It can be seen from the above embodiments that, the method and system for eliminating reverberation calculates the voice time-frequency probability of a voice signal by introducing voice time-frequency probability detection on the voice signal during the process of eliminating reverberation, and performs adaptive update adjustment operation on a filter used in reverberation elimination processing according to the voice time-frequency probability, wherein most of noise in the voice signal can be excluded by calculating the voice time-frequency probability of the voice signal, so that when the filter is adjusted according to the voice time-frequency probability, the probability of update error of the filter can be effectively reduced, and meanwhile, since most of noise in the voice signal is excluded, non-voice data does not participate in subsequent confusion elimination calculation, which can greatly reduce the calculation frequency of the filter and reduce the calculation amount of eliminating reverberation, thereby facilitating large-scale compression of the calculated amount of the reverberation elimination and improving the applicability of the reverberation elimination algorithm in different types of processors.
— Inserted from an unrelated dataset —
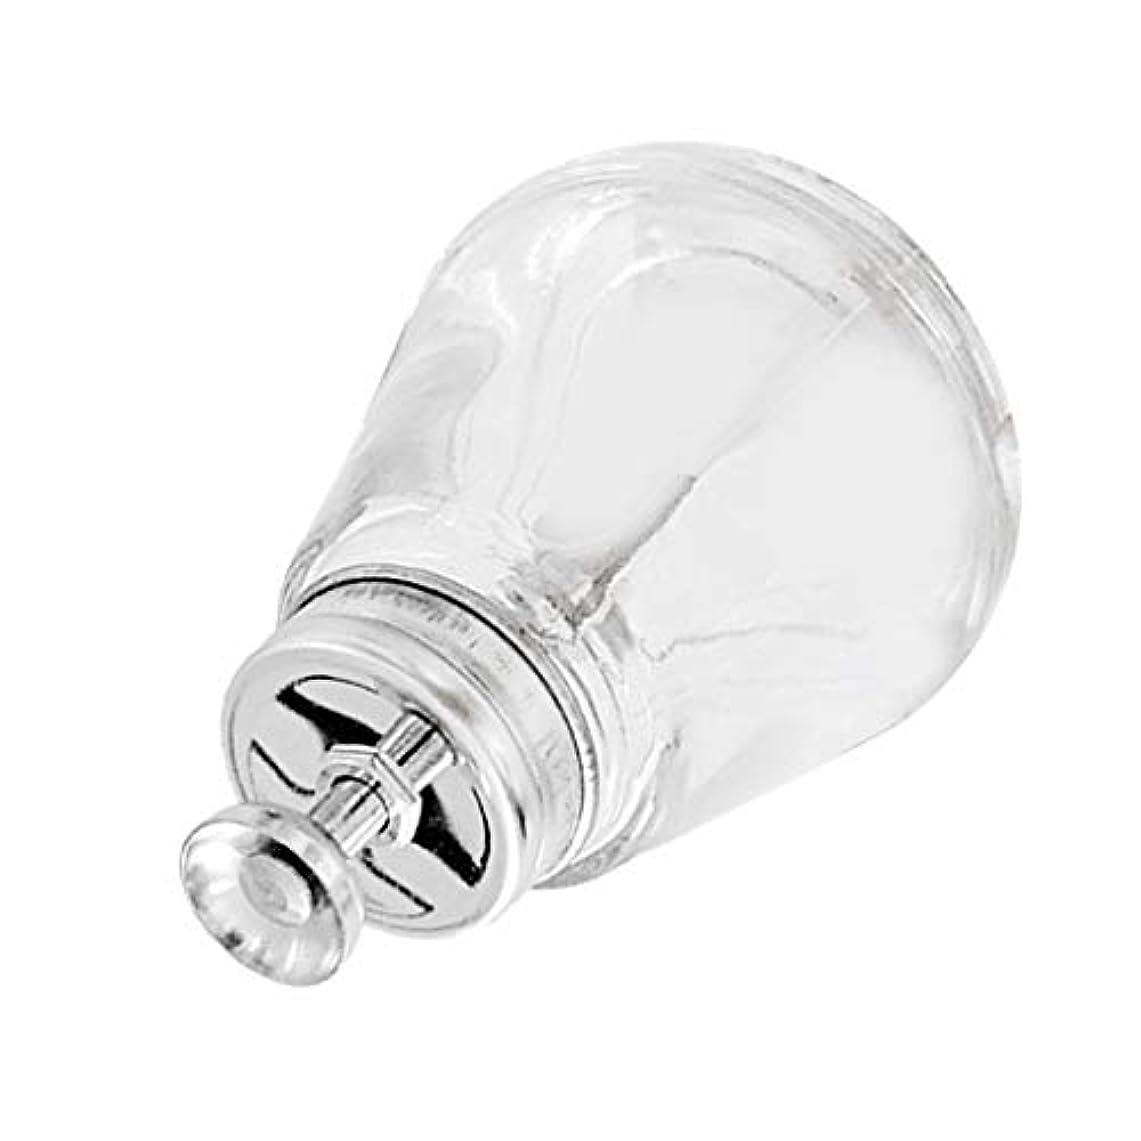 ラックの間で下に向けますネイルアートツールボトル ガラス瓶 150mL 蓋付き マニキュアリム用 ネイルケア 空ポンプボトル

It will be apparent to those skilled in the art that various changes and modifications may be made in the present invention without departing from the spirit and scope of the invention. Thus, if such modifications and variations of the present invention fall within the scope of the claims of the present invention and their equivalents, the present invention is also intended to include such modifications and variations.

Claims (4)

1. A method of cancelling reverberation, comprising the steps of:
the method comprises the following steps that (1) target voice signals are preprocessed, and voice time-frequency probability corresponding to the preprocessed target voice signals is obtained;
the step (1) specifically comprises:
a step (101) of performing late reverberation suppression processing on the target speech signal to eliminate late reverberation components in the target speech signal;
step (102), performing speech time-frequency probability calculation processing on the target speech signal after the late reverberation suppression processing to obtain the speech time-frequency probability, wherein the speech time-frequency probability calculation processing is realized by a deep learning model, and the construction process of the deep learning model comprises,
s1, mixing clean voice data X and noise data n to obtain noisy voice data Y, and decomposing each frame of clean voice signal of the clean voice data X and each frame of mixed voice signal of the noisy voice data Y into a frequency domain to respectively obtain corresponding clean voice frequency domain data X and noisy voice frequency domain data Y;
s2, for the clean voice frequency domain data X and the noisy voice frequency domain data Y, calculating a probability value p (k) = abs (Y (k))/abs (X (k)) corresponding to the noisy voice frequency domain data Y at each frequency point k relative to the clean voice frequency domain data X, where abs (X (k)) is a probability value of the clean voice frequency domain data X for each frequency point k, and abs (Y (k)) is a probability value of the noisy voice frequency domain data Y for each frequency point k;
s3, constructing and obtaining the deep learning model according to all probability values of the noisy speech frequency domain data Y corresponding to the clean speech frequency domain data X at each frequency point k;
step (2), according to the voice time-frequency probability, adjusting the filtering processing acted on the target voice signal;
the step (2) specifically comprises:
step (201), according to the voice time-frequency probability, judging the available state of each of a plurality of frames of voice data corresponding to the target voice signal;
the step (201) specifically comprises:
step (2011), comparing the voice time-frequency probability with a preset probability threshold value, and judging the available state of each frame of voice data in the target voice signal according to the comparison result;
step (2022), if the voice time-frequency probability is greater than the preset probability threshold value, determining that the corresponding frame voice data in the target voice signal is in an available state;
step (2023), if the voice time-frequency probability is less than or equal to the preset probability threshold value, determining that the corresponding frame voice data in the target voice signal is in an unavailable state;
step (202), determining a data buffer evaluation value of a FIFO data buffer area corresponding to each frame of voice data according to the available state judgment result of each frame of voice data in the target voice signal;
the step (202) specifically comprises:
step (2021), determining the data storage state of all the frame voice data in the available state in the target voice signal in the FIFO data buffer area according to the available state judgment result;
step (2022), determining a data buffer evaluation value corresponding to each frame of voice data in the available state according to the data storage state of all the frames of voice data in the available state in the FIFO data buffer area;
a step (203) of determining whether to adjust the filtering process according to the data buffer evaluation value;
the step (203) specifically includes:
step (2031) of comparing the data buffer evaluation value with a preset evaluation threshold value, and determining whether to update the filtering process according to the result of the comparison process;
step (2032) of updating the filtering process if the data buffer evaluation value exceeds the preset evaluation threshold value;
step (2033), if the data buffer evaluation value does not exceed the preset evaluation threshold value, the filtering process is not updated;
and (3) according to the adjusted filtering processing, suppressing reverberation components existing in the voice array data corresponding to the target voice signal.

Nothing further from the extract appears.